Зимой, хотя это, казалось, была обычная чикагская зима — вариант ада с минусовой температурой, Лью старался жить как можно более экономно, наблюдая, как сумма на его банковском счету сокращается в сторону нуля, во сне и наяву его преследовали удивительно яркие фантазии о Трот, и поражала нежность, которую он никогда не замечал в их действительной совместной жизни. В оконной дали, опровергая прерию, мираж пригорода Чикаго возвышался неким аляповатым акрополем, его свет ночного заклания переходил к красному концу спектра, тлея, словно всегда готовясь взорваться открытым огнем.

 Иногда Дрейв являлся без предупреждения, чтобы проверить успехи Лью.

 — Прежде всего, — вещал он, — я не могу говорить за Господа Бога, но ваша жена прощать вас не собирается.
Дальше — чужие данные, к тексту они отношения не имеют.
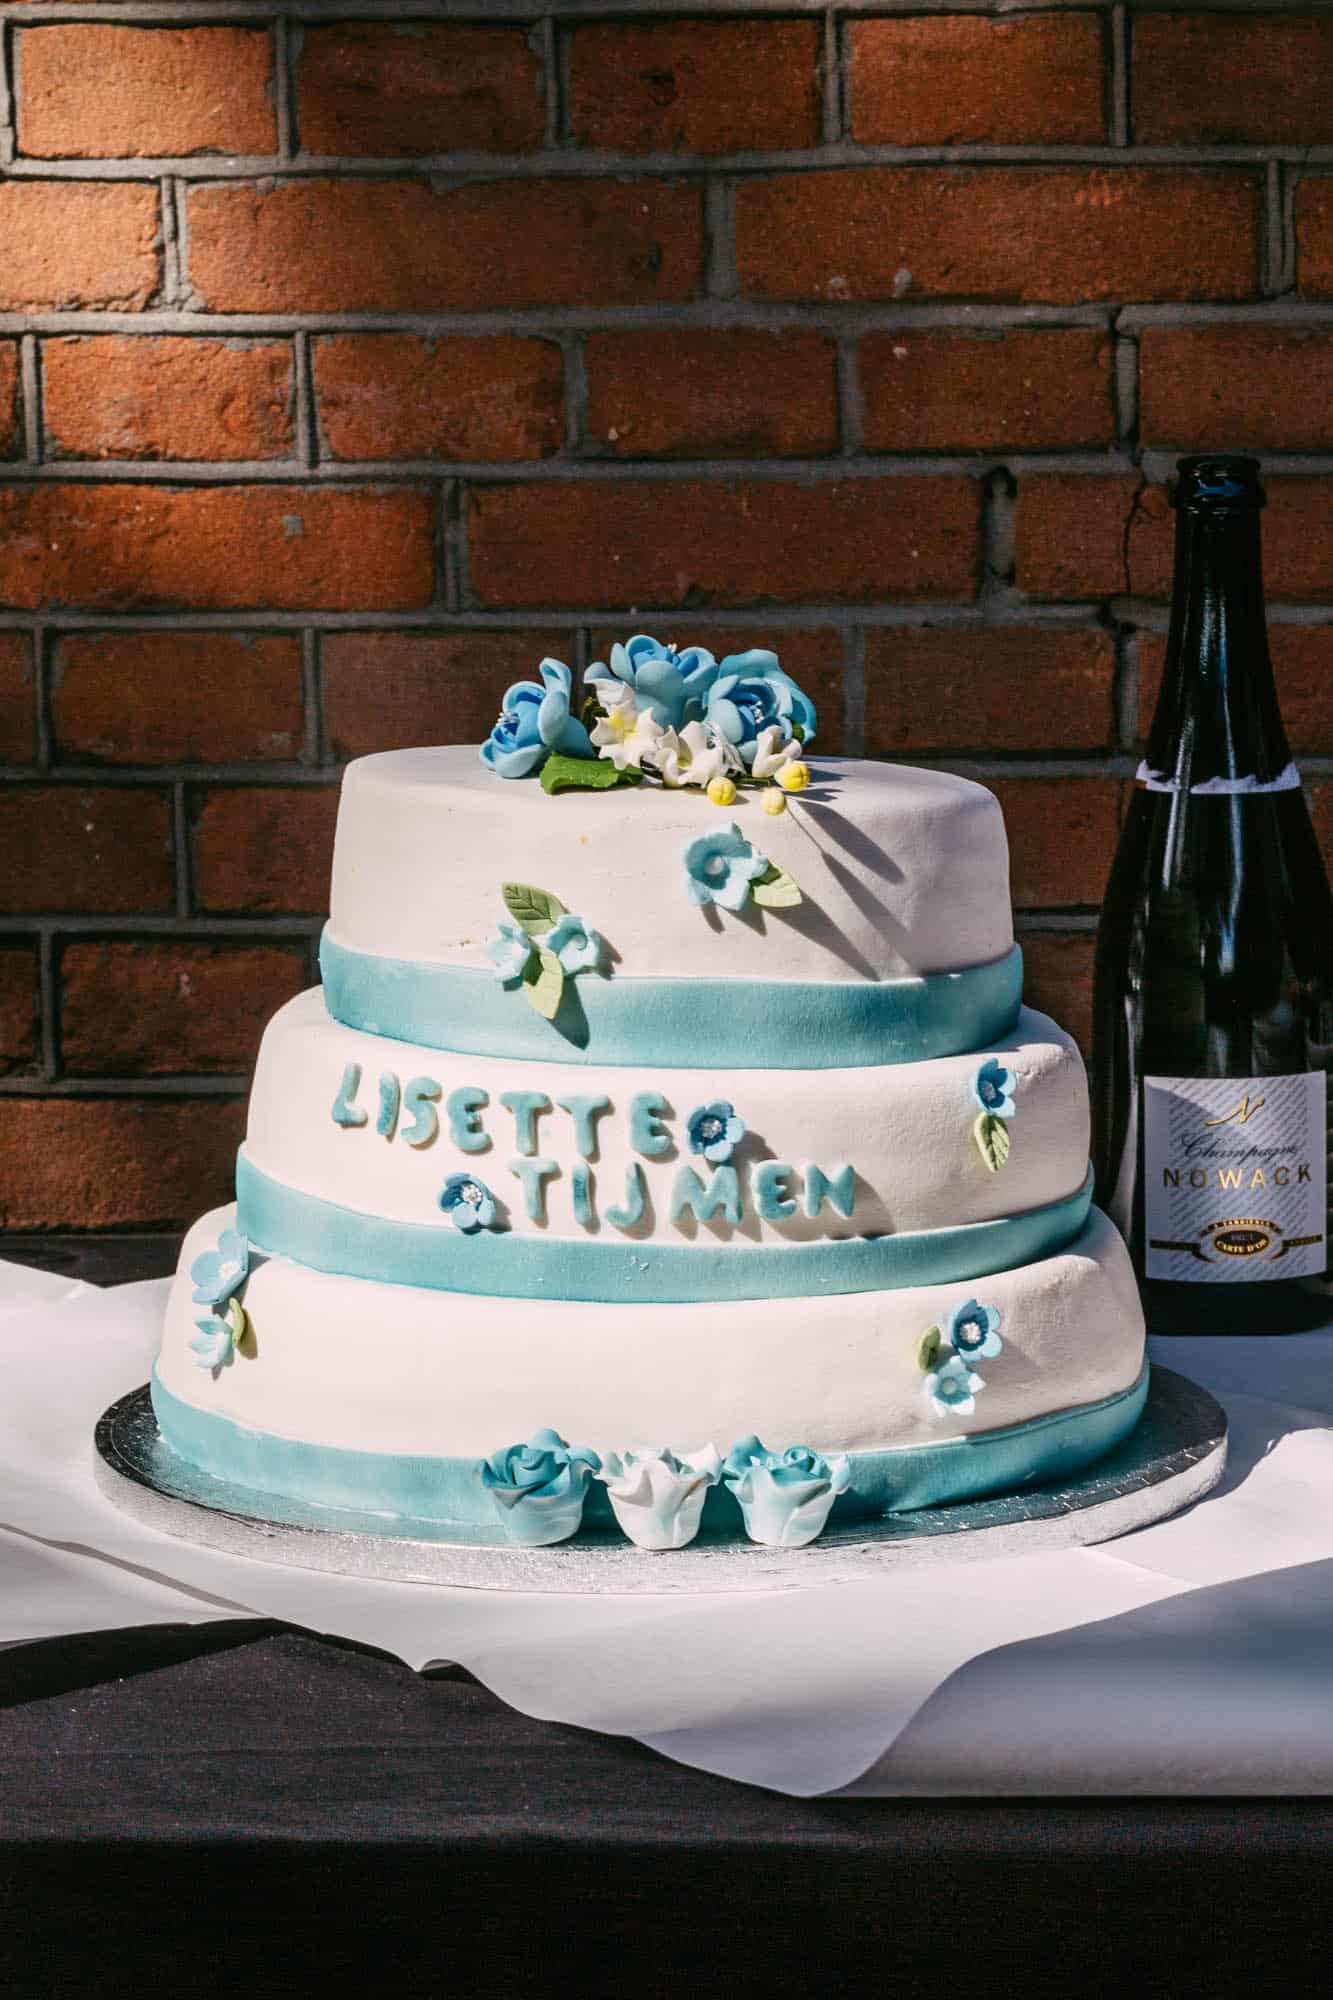 Blue wedding cake with names on it

Она никогда не вернется. Если вы думали, что этим расплатитесь, вам нужно сделать перерасчет.

 Ступни Лью начали болеть, словно хотели пройти пешком к центру Земли.

— А что, если я согласен на всё, чтобы ее вернуть?
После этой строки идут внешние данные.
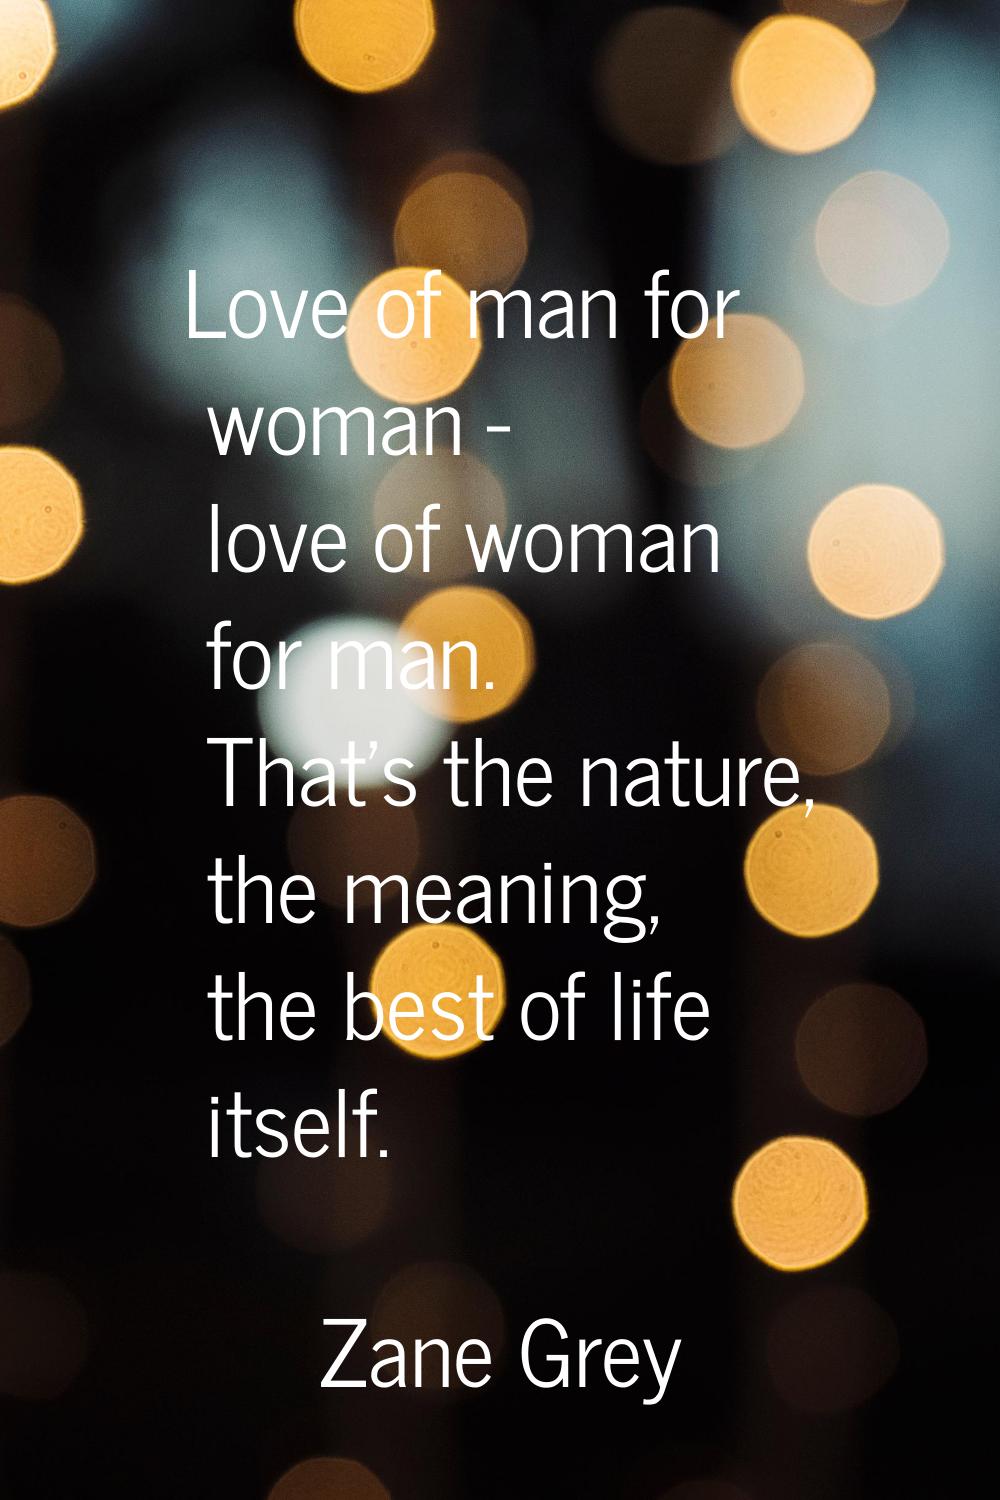 Love of man for woman - love of woman for man. That's the nature, the meaning, the best of life its

 — Искупление? Вас это ожидает в любом случае. Вы не католик, мистер Баснайт?

 — Пресвитерианин.

 — Многие верят, что существует математическая корреляция между грехом, искуплением и спасением. Больше грехов, больше искуплений, и так далее. Наша точка зрения заключается в том, что никакой связи нет. Все переменные независимы. Вы искупаете грех не потому, что согрешили, а потому, что такова ваша судьба. Вы спасаетесь не благодаря искуплению, а потому, что это просто происходит. Или не происходит.

— Здесь нет ничего сверхъестественного. У большинства людей есть какое-то колесо на проводах, или рельсы на улице, указатель или ручей, заставляющий их двигаться в направлении судьбы. А вы скачете свободно. Избегаете искупления и, следовательно, определения.

 — Вышел из своего трамвая. И вы пытаетесь мне помочь, чтобы я

вернулся к жизни, которой живет большинство людей, не так ли?

 — Большинство людей, — сказал собеседник, не повышая голоса, но что-то в душе Лью дрогнуло, — покорные и тупые, как волы. Бред буквально означает выход из борозды, которую вы проводите на пашне. Думайте об этом, как о продуктивной форме бреда.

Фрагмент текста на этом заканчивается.